~Bölüm 24~

388 37 19
                                    

Martinus: Acını anlıyorum.

Derken Martinus Gunnarsen kardeşinin omzuna hafif vurdu onun yanında olduğunu göstermek için.

Marcus Gunnarsen dudaklarını hafif aralafığında ne diyeceğini o gibi arkasında duran Asya ve Gerd Hanım da merak ediyordu.

Marcus tek bir cümle kurdu...

Marcus: Götür beni burdan.

Sonrası zaten çok hızlı geçti...

Martinus Gunnarsen kardeşini nereye götüreceğini iyi biliyordu.

Marcus Gunnarsen İrem'i istiyordu...

(Amerika)

İrem sessizce Marcus'dan uzak bambaşka bir yerde bir yatakta aylardır uyutuluyordu.

Ve bunu sadece Gerd Hanım'ın bilmesi birkoğumuz için kötüydü...

İrem gözlerini hafif aralafığında karşısında Marcus'u görmeyi bekledi.

Ama bu böyle olmadı. Karşısında saçını iki yandan örgü yapmış üstünde hemşire kıyafeti olan bir bayan vardı.

Ağzını açar açmaz ilk sorduğu ise

İrem: Marcus nerde?

X: o yok.

İrem: Ne demek yok?

X: o o malesef seni istemedi tatlım.

İrem bu söze inanmak istemiyordu inamadı da onu seven adam onu bırakırmıydı hiç?

Kabul etmedi bu sözü..

İrem: kimsin sen?

X:Amerika Birleşik Devletleri'ne hoşgeldin ben Grenda.

İrem: Marcus o burada yok mu?

Aklı hala Marcus'da olan İrem'in merak ettiği Marcus'un nerde olduğuydu.

Gr: Aylardır uyutuluyorsun burada. Tam iki saat sonra uçağın var Marcus senden kaçtı seni istemedi o hep öyle biriydi hasta olduğunu biliyordu. Yanında ölmenden korktu o seni bıraktı. Uçakla Hollanda'ya vardığımızda ona hesap sorabilirsin tabiki ama artık o seni istemiyor.

İrem ölmek istiyordu ruhu daralmıştı kaçmak istiyordu. Koşmak istiyordu Marcus'u istiyordu...
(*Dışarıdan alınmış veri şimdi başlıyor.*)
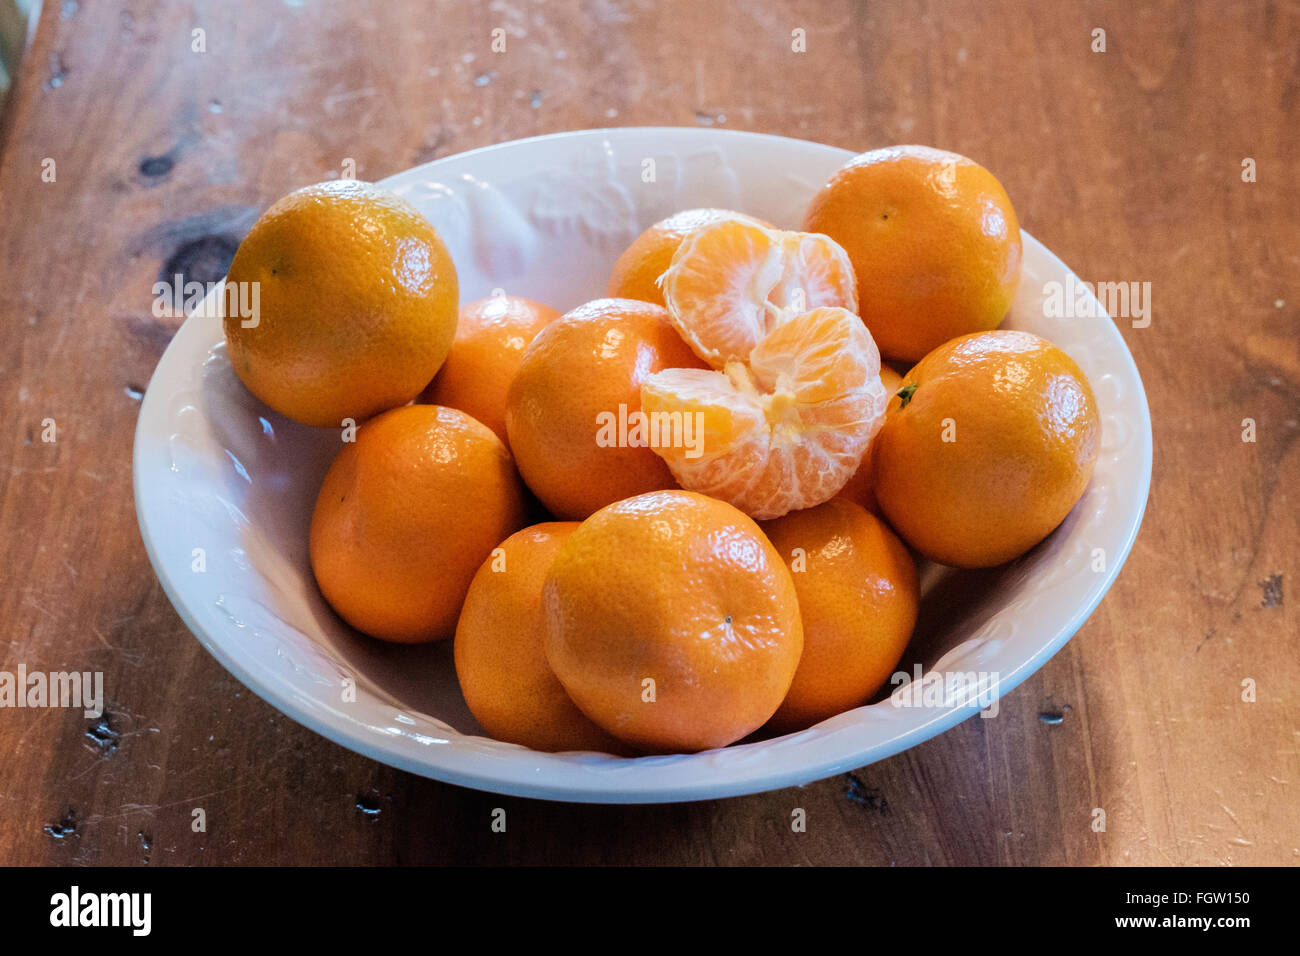 Mandarin oranges, Citrus reticulata, with one peeled, in a white bowl. Stock Photo

Aşık iki beden birbirinden uzaklaştırılmıştı...

Birine öldü denmişti diğerine seni artık istemiyor kalbi kaldırmadı ikisininde inanmıyorlardı artık kimseye...

(Hollanda)

İrem'in sandığı mezarın başında dikilen Marcus Gunnarsen gözyaşlarına hakim olamıyordu.
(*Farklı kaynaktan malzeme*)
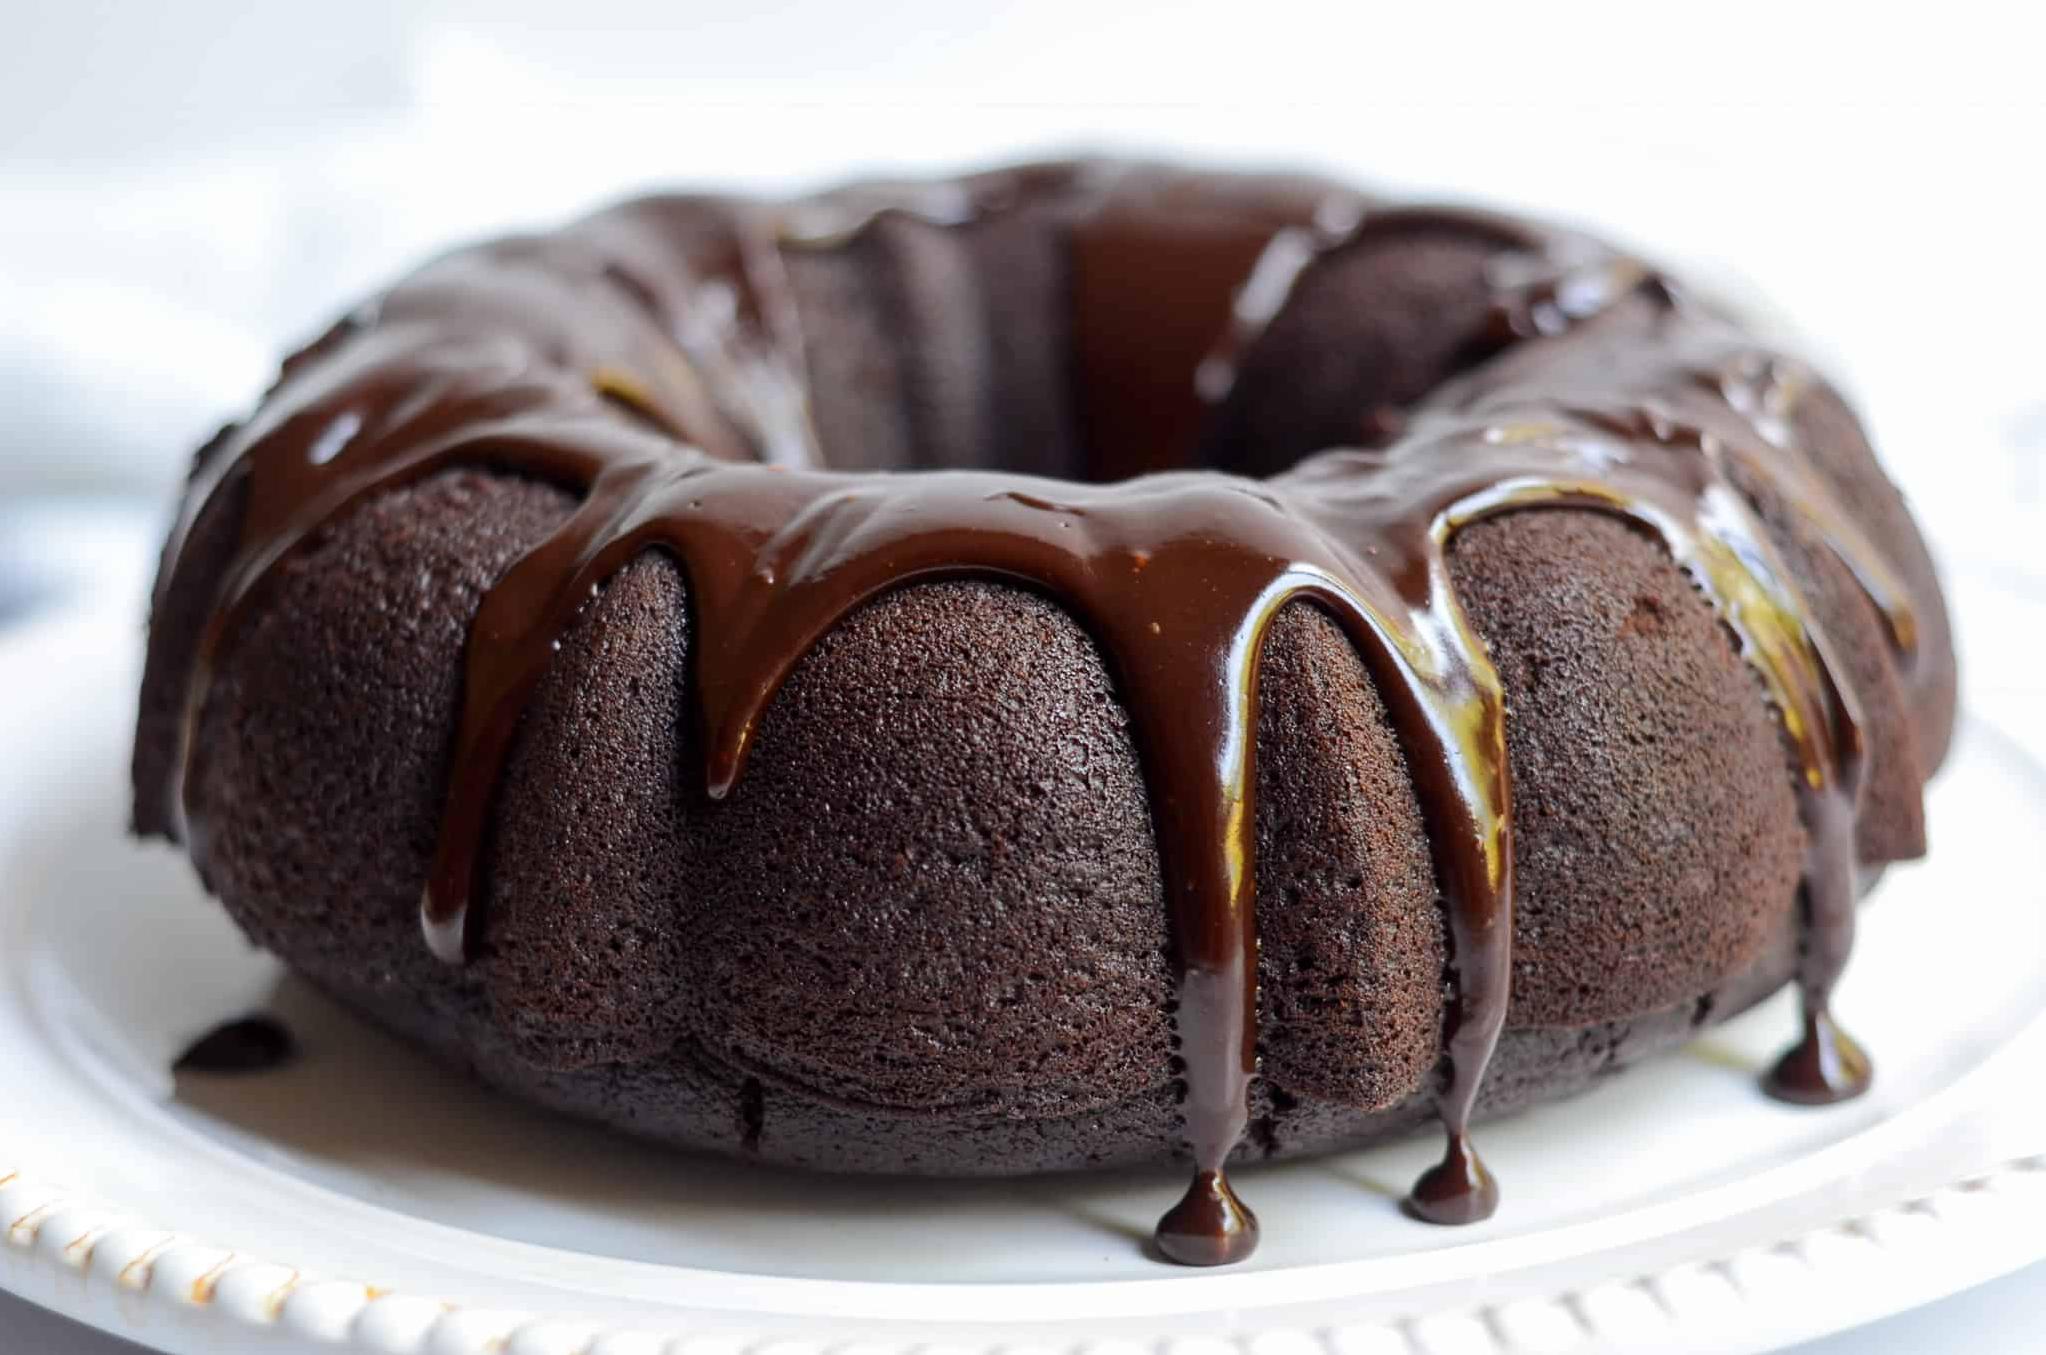  Be prepared to have your taste buds blown away with each moist and chocolatey bite.

Hayat acımasızdı onun için..

...

Saatlerce kardeşi ile orada dikildi.

Eve gitmek istemiyordu...

Eftalya'nın İremciğim nerde diye sormasını istemiyordu.

Uyumak istemiyordu...

Rüyalarında İrem'i görmek istemiyordu...

Motoruna binmek istemiyordu...

Anılarını hatırlamaktan korkuyordu...

Şuan o ne istiyordu biliyomusunuz?

O sadece İrem'i istiyordu...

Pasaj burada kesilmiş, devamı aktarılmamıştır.